- [EXERCISE AIM]:
The expected answer is the set of lines in the data below between the line holding "Pubblica video lunghi" and the line holding "ASP Identifier Hinge", inclusive, written out exactly.

- [DATA LISTING]:
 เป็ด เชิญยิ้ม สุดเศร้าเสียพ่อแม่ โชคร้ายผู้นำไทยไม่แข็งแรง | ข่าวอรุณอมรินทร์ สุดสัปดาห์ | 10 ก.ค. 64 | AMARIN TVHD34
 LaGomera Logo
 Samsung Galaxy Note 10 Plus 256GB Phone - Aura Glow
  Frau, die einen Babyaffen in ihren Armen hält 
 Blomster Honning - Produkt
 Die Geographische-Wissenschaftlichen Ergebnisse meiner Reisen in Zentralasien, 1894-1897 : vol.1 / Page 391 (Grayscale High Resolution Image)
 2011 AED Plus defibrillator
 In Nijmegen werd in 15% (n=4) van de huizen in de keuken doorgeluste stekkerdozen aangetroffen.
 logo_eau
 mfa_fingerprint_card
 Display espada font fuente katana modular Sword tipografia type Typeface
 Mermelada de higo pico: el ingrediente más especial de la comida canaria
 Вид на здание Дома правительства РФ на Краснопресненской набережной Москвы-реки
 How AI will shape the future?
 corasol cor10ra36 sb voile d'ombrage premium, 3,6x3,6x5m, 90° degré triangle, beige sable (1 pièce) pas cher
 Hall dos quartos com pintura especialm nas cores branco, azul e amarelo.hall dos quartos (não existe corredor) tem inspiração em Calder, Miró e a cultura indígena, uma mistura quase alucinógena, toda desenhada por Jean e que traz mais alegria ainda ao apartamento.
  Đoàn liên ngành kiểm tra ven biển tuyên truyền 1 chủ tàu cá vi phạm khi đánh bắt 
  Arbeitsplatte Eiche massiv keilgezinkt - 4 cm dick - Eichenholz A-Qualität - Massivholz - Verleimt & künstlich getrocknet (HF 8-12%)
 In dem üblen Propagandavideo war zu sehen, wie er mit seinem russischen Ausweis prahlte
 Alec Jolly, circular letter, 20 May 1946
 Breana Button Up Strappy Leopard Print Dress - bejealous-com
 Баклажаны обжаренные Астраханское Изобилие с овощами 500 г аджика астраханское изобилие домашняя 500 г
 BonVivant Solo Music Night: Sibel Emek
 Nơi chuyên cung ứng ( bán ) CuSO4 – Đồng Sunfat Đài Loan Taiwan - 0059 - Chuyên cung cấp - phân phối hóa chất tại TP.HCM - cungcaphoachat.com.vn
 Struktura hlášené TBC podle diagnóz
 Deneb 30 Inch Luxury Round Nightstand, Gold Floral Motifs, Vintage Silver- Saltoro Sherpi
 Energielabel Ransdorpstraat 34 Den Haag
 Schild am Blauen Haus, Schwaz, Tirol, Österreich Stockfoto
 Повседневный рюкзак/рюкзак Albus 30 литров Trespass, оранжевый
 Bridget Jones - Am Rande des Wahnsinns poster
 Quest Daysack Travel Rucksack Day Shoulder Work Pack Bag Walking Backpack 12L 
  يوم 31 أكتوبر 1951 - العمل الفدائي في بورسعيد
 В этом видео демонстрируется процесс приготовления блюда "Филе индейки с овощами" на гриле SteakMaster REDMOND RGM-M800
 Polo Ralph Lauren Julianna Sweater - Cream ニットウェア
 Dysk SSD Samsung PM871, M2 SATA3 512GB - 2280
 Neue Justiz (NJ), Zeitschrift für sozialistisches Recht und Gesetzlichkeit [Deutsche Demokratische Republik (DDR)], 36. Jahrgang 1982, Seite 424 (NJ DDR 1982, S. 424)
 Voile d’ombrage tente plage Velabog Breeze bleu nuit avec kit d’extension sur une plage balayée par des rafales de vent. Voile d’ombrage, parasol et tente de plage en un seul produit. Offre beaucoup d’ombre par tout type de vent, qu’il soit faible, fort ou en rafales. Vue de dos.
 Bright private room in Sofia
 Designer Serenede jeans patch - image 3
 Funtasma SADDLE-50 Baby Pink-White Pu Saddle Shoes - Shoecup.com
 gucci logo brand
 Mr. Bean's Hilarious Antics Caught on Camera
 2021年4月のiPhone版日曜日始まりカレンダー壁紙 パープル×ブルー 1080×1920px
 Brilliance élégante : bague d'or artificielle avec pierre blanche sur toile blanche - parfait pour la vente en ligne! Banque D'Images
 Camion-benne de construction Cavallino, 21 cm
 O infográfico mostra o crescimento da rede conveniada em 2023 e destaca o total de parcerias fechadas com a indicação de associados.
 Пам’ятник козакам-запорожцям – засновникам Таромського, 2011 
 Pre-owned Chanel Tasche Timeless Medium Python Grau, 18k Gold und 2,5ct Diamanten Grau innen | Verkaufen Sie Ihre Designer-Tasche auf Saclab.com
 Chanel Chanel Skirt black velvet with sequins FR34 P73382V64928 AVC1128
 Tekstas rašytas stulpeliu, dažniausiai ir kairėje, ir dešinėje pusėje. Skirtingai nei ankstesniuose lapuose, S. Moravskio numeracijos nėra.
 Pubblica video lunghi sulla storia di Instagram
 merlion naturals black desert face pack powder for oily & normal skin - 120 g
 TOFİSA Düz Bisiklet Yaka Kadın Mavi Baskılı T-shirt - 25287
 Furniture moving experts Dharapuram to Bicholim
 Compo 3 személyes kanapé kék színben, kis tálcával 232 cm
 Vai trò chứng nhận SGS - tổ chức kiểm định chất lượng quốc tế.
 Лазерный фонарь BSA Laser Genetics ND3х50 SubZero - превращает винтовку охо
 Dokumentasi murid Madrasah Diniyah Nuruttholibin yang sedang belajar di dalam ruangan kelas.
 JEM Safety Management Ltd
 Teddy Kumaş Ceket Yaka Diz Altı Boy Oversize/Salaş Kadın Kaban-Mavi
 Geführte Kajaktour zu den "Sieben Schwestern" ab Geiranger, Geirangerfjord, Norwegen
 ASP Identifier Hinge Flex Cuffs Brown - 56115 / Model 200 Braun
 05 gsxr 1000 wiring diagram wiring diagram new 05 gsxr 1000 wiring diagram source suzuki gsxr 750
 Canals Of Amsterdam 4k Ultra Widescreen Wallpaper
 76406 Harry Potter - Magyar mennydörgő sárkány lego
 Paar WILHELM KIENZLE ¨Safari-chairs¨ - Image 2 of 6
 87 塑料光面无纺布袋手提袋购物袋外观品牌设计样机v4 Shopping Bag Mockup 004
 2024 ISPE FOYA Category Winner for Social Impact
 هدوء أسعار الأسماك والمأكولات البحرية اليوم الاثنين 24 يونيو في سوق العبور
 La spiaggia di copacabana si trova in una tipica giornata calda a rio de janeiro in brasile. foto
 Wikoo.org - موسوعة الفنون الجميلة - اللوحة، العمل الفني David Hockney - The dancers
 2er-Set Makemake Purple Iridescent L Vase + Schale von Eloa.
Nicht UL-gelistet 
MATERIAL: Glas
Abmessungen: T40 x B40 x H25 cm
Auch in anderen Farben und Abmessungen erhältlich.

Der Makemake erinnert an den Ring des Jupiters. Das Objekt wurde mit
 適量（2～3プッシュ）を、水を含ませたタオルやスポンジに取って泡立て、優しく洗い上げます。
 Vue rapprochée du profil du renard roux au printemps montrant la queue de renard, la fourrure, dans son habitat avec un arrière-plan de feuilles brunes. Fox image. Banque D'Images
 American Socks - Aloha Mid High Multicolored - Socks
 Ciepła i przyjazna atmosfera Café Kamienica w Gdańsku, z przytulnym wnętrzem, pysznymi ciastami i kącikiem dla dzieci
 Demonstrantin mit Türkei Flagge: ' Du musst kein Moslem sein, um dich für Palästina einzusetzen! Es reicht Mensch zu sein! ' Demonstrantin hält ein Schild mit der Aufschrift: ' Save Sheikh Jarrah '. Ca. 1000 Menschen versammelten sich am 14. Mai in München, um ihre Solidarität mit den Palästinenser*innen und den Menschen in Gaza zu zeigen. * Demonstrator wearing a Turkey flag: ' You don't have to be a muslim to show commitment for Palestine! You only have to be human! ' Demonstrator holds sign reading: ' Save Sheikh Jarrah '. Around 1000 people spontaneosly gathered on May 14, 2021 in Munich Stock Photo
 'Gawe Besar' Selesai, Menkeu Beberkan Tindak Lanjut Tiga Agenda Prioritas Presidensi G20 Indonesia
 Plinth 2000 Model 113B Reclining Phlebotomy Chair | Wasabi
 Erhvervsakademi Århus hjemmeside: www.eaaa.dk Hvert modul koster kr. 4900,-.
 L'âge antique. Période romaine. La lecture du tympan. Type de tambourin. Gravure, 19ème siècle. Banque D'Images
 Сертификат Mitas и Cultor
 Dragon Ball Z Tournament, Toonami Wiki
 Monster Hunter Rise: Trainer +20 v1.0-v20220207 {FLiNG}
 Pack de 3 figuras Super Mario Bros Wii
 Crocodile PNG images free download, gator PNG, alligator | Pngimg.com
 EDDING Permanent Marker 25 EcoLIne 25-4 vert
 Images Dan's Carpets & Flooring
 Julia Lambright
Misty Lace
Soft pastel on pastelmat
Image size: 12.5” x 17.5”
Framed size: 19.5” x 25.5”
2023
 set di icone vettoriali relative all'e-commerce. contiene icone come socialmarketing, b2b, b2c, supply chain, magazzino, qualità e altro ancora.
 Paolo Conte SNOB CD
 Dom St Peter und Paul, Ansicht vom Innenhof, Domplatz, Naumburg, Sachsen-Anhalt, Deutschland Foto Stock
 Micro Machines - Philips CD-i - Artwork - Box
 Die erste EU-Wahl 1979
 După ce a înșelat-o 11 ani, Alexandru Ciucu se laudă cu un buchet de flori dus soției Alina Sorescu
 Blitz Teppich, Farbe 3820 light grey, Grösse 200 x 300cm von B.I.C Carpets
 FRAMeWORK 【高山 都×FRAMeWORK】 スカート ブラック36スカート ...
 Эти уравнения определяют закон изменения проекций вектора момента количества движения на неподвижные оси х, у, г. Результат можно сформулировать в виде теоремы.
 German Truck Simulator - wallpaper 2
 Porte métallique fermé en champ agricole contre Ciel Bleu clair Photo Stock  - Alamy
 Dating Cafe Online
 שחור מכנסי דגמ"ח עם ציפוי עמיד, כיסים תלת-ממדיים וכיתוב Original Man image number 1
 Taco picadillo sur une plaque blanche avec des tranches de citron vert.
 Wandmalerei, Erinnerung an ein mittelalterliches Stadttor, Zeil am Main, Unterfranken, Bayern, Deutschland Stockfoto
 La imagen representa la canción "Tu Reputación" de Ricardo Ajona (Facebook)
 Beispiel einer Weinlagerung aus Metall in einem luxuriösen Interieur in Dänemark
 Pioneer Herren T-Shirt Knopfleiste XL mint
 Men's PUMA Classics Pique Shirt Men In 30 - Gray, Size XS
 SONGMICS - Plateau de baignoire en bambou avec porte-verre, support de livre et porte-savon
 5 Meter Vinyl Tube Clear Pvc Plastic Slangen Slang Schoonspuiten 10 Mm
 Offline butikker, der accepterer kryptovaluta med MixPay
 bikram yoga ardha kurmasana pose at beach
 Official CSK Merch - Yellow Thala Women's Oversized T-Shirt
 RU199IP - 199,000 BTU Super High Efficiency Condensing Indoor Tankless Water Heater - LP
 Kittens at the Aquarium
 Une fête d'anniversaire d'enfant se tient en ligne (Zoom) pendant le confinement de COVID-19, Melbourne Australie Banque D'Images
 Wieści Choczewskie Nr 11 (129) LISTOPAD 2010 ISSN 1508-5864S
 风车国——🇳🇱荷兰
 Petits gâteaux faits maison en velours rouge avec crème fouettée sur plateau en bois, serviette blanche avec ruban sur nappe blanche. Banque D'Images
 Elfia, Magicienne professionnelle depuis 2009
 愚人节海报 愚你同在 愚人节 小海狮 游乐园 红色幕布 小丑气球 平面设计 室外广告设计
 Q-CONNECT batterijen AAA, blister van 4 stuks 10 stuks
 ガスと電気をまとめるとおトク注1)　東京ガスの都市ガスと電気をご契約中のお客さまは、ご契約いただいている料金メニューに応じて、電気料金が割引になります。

- [SOLUTION FOR THIS EXERCISE]:
 Pubblica video lunghi sulla storia di Instagram
 merlion naturals black desert face pack powder for oily & normal skin - 120 g
 TOFİSA Düz Bisiklet Yaka Kadın Mavi Baskılı T-shirt - 25287
 Furniture moving experts Dharapuram to Bicholim
 Compo 3 személyes kanapé kék színben, kis tálcával 232 cm
 Vai trò chứng nhận SGS - tổ chức kiểm định chất lượng quốc tế.
 Лазерный фонарь BSA Laser Genetics ND3х50 SubZero - превращает винтовку охо
 Dokumentasi murid Madrasah Diniyah Nuruttholibin yang sedang belajar di dalam ruangan kelas.
 JEM Safety Management Ltd
 Teddy Kumaş Ceket Yaka Diz Altı Boy Oversize/Salaş Kadın Kaban-Mavi
 Geführte Kajaktour zu den "Sieben Schwestern" ab Geiranger, Geirangerfjord, Norwegen
 ASP Identifier Hinge Flex Cuffs Brown - 56115 / Model 200 Braun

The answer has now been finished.